A flock of geese was “blown off course by a snowstorm, which sent the birds toward the abandoned copper mine. They splashed down into the 50bn-gallon pool, polluted heavily by acidic chemicals and metals, and died en masse,” The Guardian reported.
“It was an unusual and unfortunate confluence of events: A larger-than-normal number of geese was making a later-than-normal migration over Montana when a snowstorm blew in at the wrong time and sent them soaring to the wrong place,” the Associated Press reported.
The geese died at a former copper mine closed since 1982. At least 3,000 birds died, reports said.
Since the mine closure, a “1,780-foot pit began filling with groundwater. The water reacted with sulfides and metals in the soil, gradually creating a body of water that was less like a lake than it was a vat of poisonous stew,” the Los Angeles Times reported.
“The liquid is expected to reach a critical level in 2023, and environmental officials are finalizing a plan for keeping it from contaminating Butte’s groundwater and Silver Bow creek, a stream at the headwaters of the Columbia river basin,” the report said.

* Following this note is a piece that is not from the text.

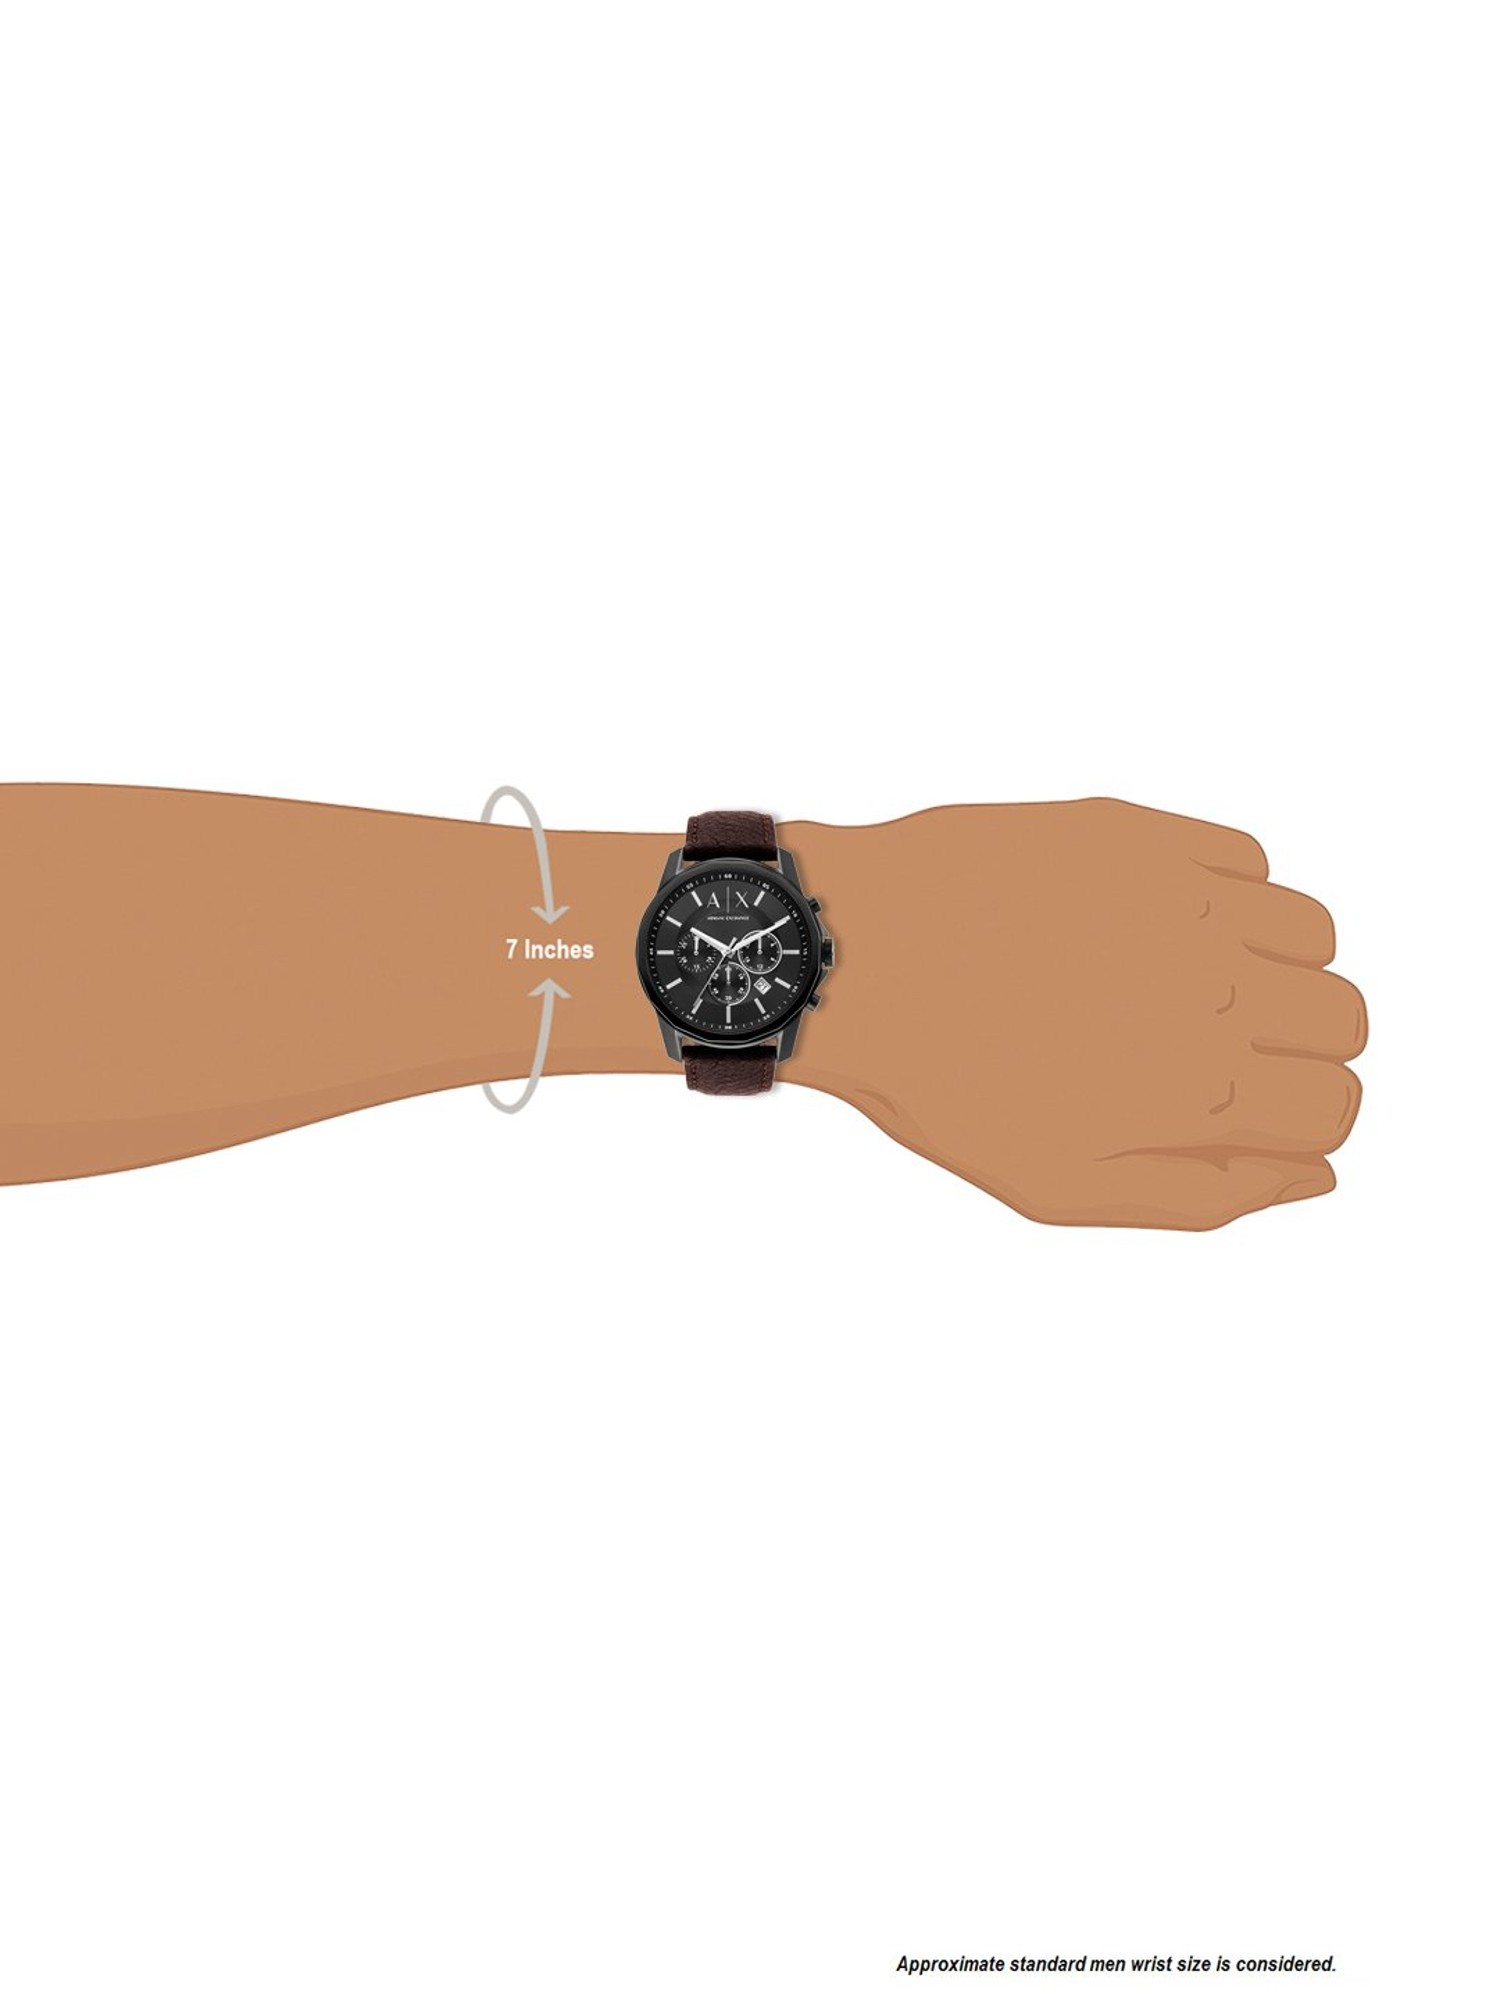 Buy ARMANI EXCHANGE AX1732 Analog Watch for Men at Best Price @ Tata CLiQ

The solution to threats posed by contaminated mining pit has in large part centered on a treatment plant, which appears to need upgrades, according to The Guardian:
The Environmental Protection Agency (EPA), Anaconda’s owner Atlantic Richfield and Montana Resources, owner of an adjacent mine, negotiated a solution that relies on a water treatment plant built near the pit in 2000.The Horseshoe Bend plant now treats more than 4m gallons of water a day that would otherwise flow into the pit, and the plan is for it to treat another 3m gallons a day directly from the pit starting in 2023. The plant has never handled 7m gallons at once, but EPA officials say there is enough time for a thorough review to ensure the contaminated water will never escape into the city’s Silver Bow creek, whose banks have yet to be cleaned of the mine waste that was dumped there for decades.
The former copper mine is part of the nation’s largest Superfund site. This is not the first time it has posed a threat to wildlife. “In 1995, 342 geese landed on the pit, drank its water, and suffered fatal burns to their tracheae and other internal organs,” the Los Angeles Times reported.